Abortion is not the best solution, but so isn't the tax payer, paying for other babies born and raising them for 18 years plus.

So, no one wins.

But, personally, I think the tax payer is better off, paying a few hundred for a 1 time abortion, then paying a thousand every month for the next 18 years, plus the cost of birth, and maybe complications if the woman is a drug abuser.
 

moreluck

golden ticket member
We have drop off boxes at our city hospitals, totally out of sight and no cameras... people can put unwanted babies in them.
It hasn't been used much in both Calgary or Edmonton, maybe a total of 3 times, over a period of 10 years or more, in both cities of over 2 Million population combined.

And Lucy, if people are broke and can't pay for raising a child/baby, it's no matter which way you look at it.
Abortion is not the best solution, but so isn't the tax payer, paying for other babies born and raising them for 18 years plus.

So, no one wins.
There are lots of couples out there waiting years for an available baby........anyone who resorts to killing their newborn is selfish when they could give it to a loving couple and not be in any trouble. Of course, with a judge like this, she's in no trouble anyway. She should be sterilized. She apparently is not mentally stable enough to have kids.
 

UpstateNYUPSer(Ret)

Well-Known Member
I consider myself to be pro-choice but I have a problem with those who consider abortion to simply be another choice for birth control.

Klein makes some good points--why "force" someone to have a baby and then have the government pay not only for the birth but everything related to that baby for 18 years?
 

moreluck

golden ticket member
I consider myself to be pro-choice but I have a problem with those who consider abortion to simply be another choice for birth control.

Klein makes some good points--why "force" someone to have a baby and then have the government pay not only for the birth but everything related to that baby for 18 years?
Adopted babies have the parents who pay.
 

klein

Für Meno :)
Adopted babies have the parents who pay.

Your government can force young teens to carry out a pregnancy, but they sure can't force them to give their babies up for adoption, which only a small minority do.
And that's the explaination, why single mommies are the, by far, the largest group of welfare receipients.
 

moreluck

golden ticket member
Your government can force young teens to carry out a pregnancy, but they sure can't force them to give their babies up for adoption, which only a small minority do.
And that's the explaination, why single mommies are the, by far, the largest group of welfare receipients.
And, what would the explanation be for the 30 something women who have 3 or 4 kids and keep having more and each one with a different last name??
 

Lue C Fur

Evil member
We have drop off boxes at our city hospitals, totally out of sight and no cameras... people can put unwanted babies in them.
Yup...just throw the unwanted baby in the box. Thats a real nice way to put it.

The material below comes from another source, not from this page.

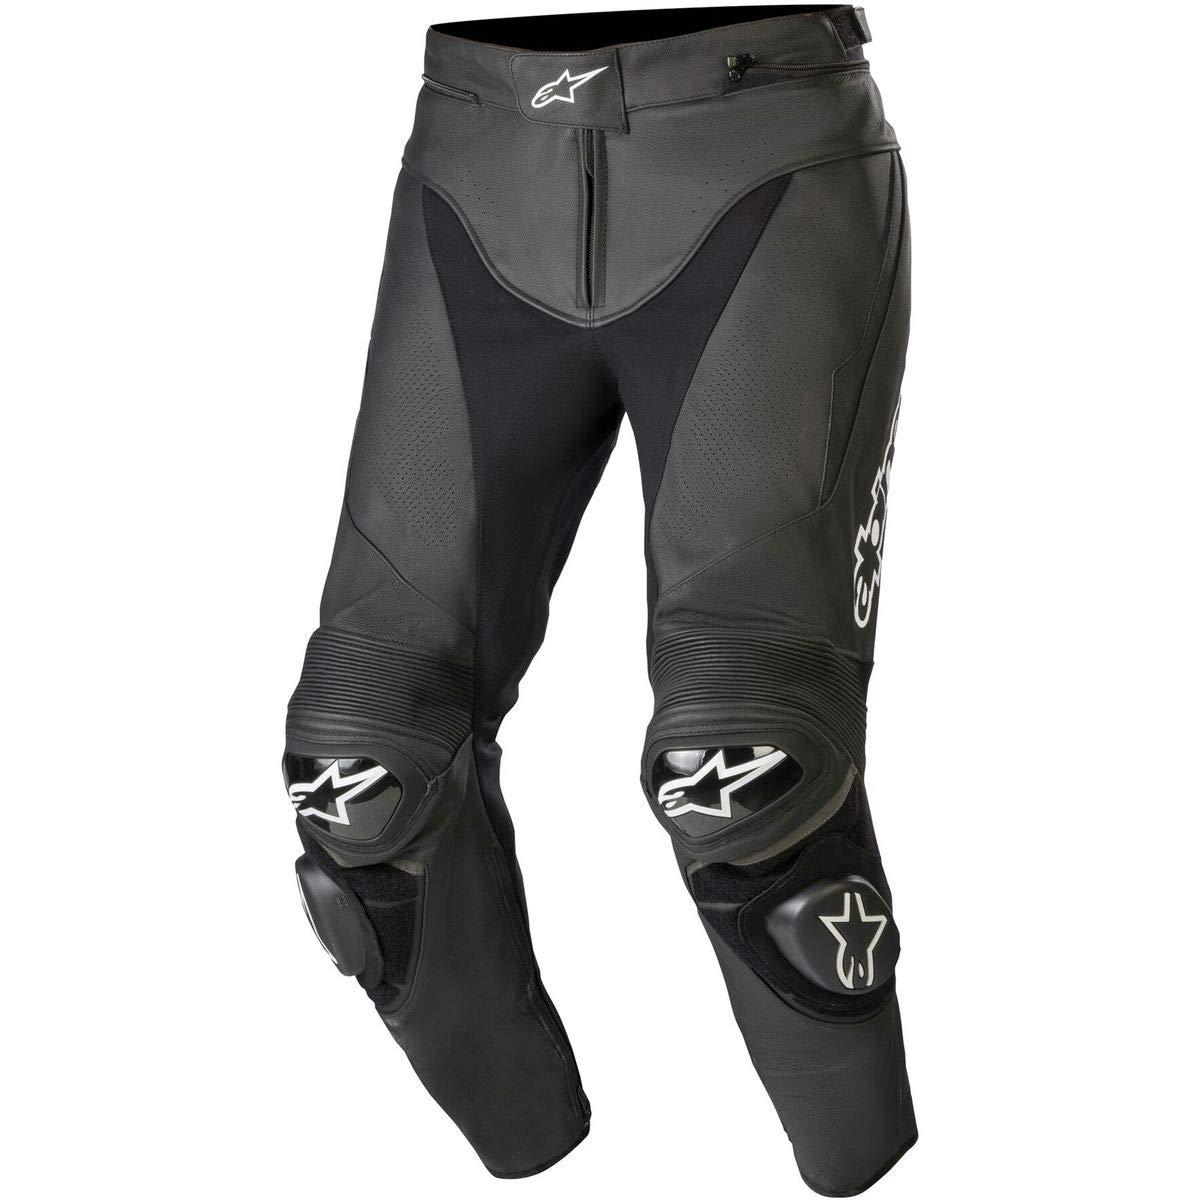 Amazon.com: Alpinestars Misiles piel Pantalones, Negro ...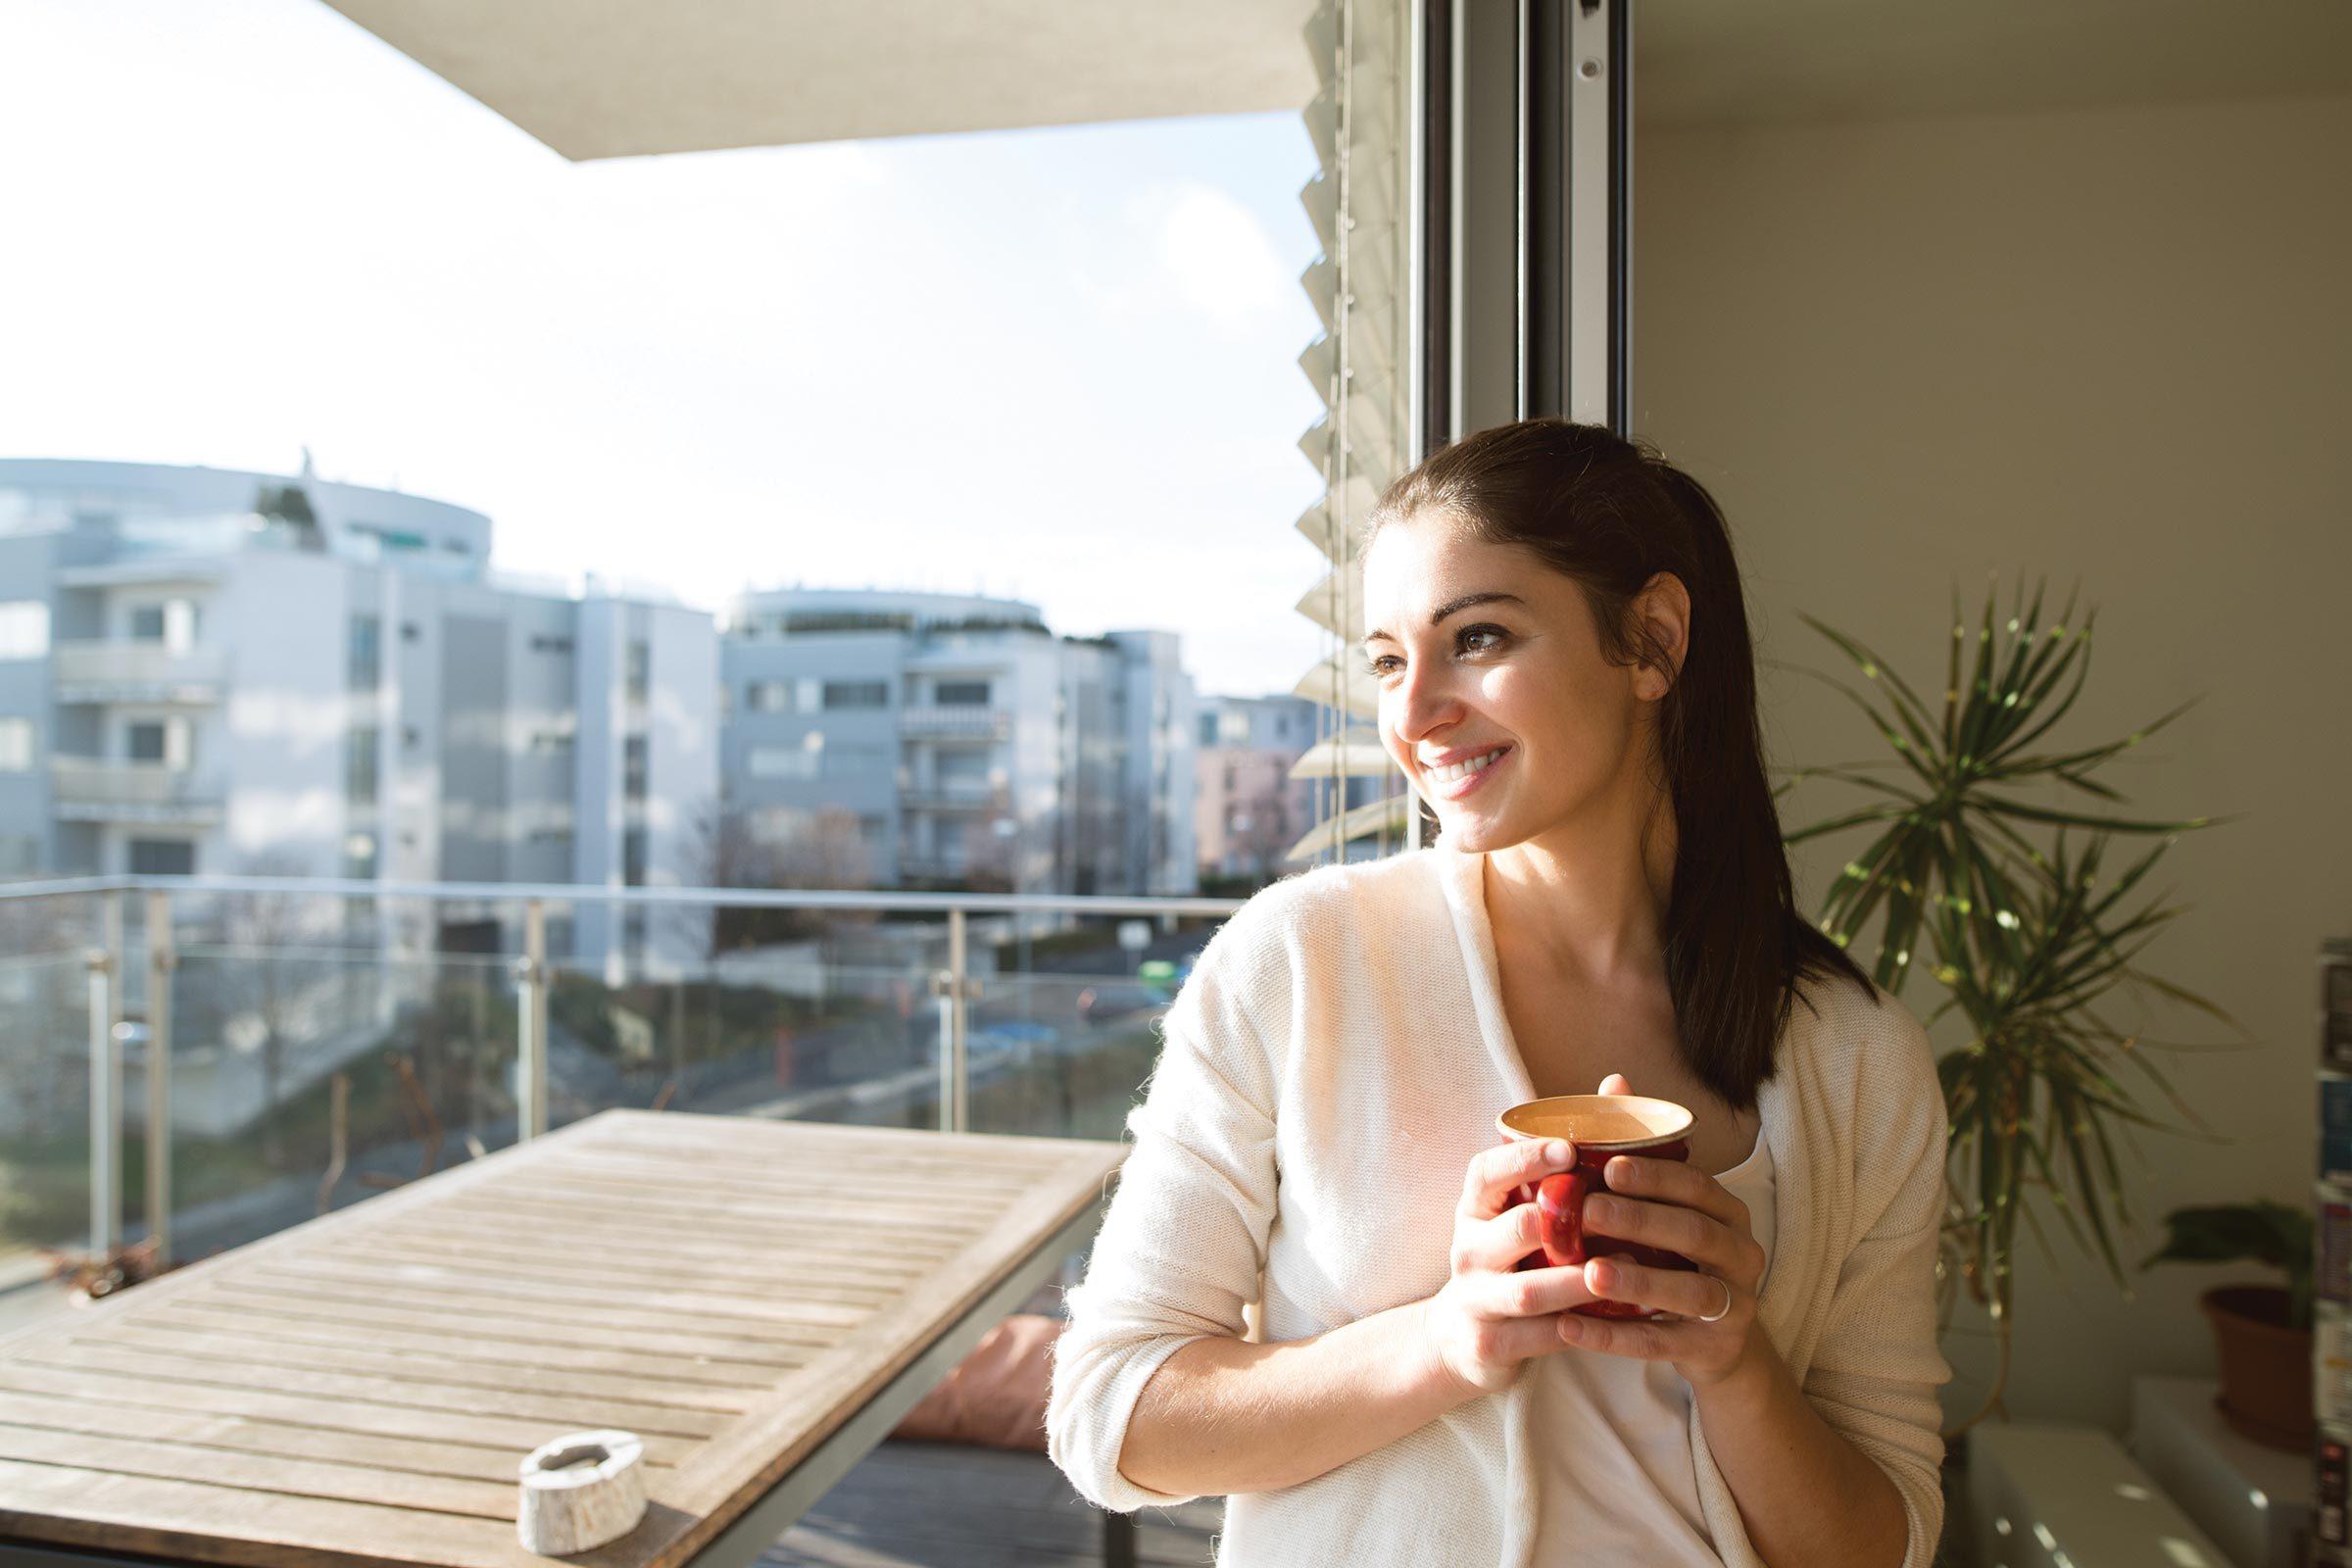 woman relax cup balcony sun

But, personally, I think the tax payer is better off, paying a few hundred for a 1 time abortion, then paying a thousand every month for the next 18 years, plus the cost of birth, and maybe complications if the woman is a drug abuser.

So with you line of thinking then...if Obama's mother had aborted him (because she did abandon him) then we would not have this maroon as president.
 

klein

Für Meno :)
Besides, don't act so innocently, do you really know how many illegal arbortions take place in the US ?
Some developing some serious health concequences or even death.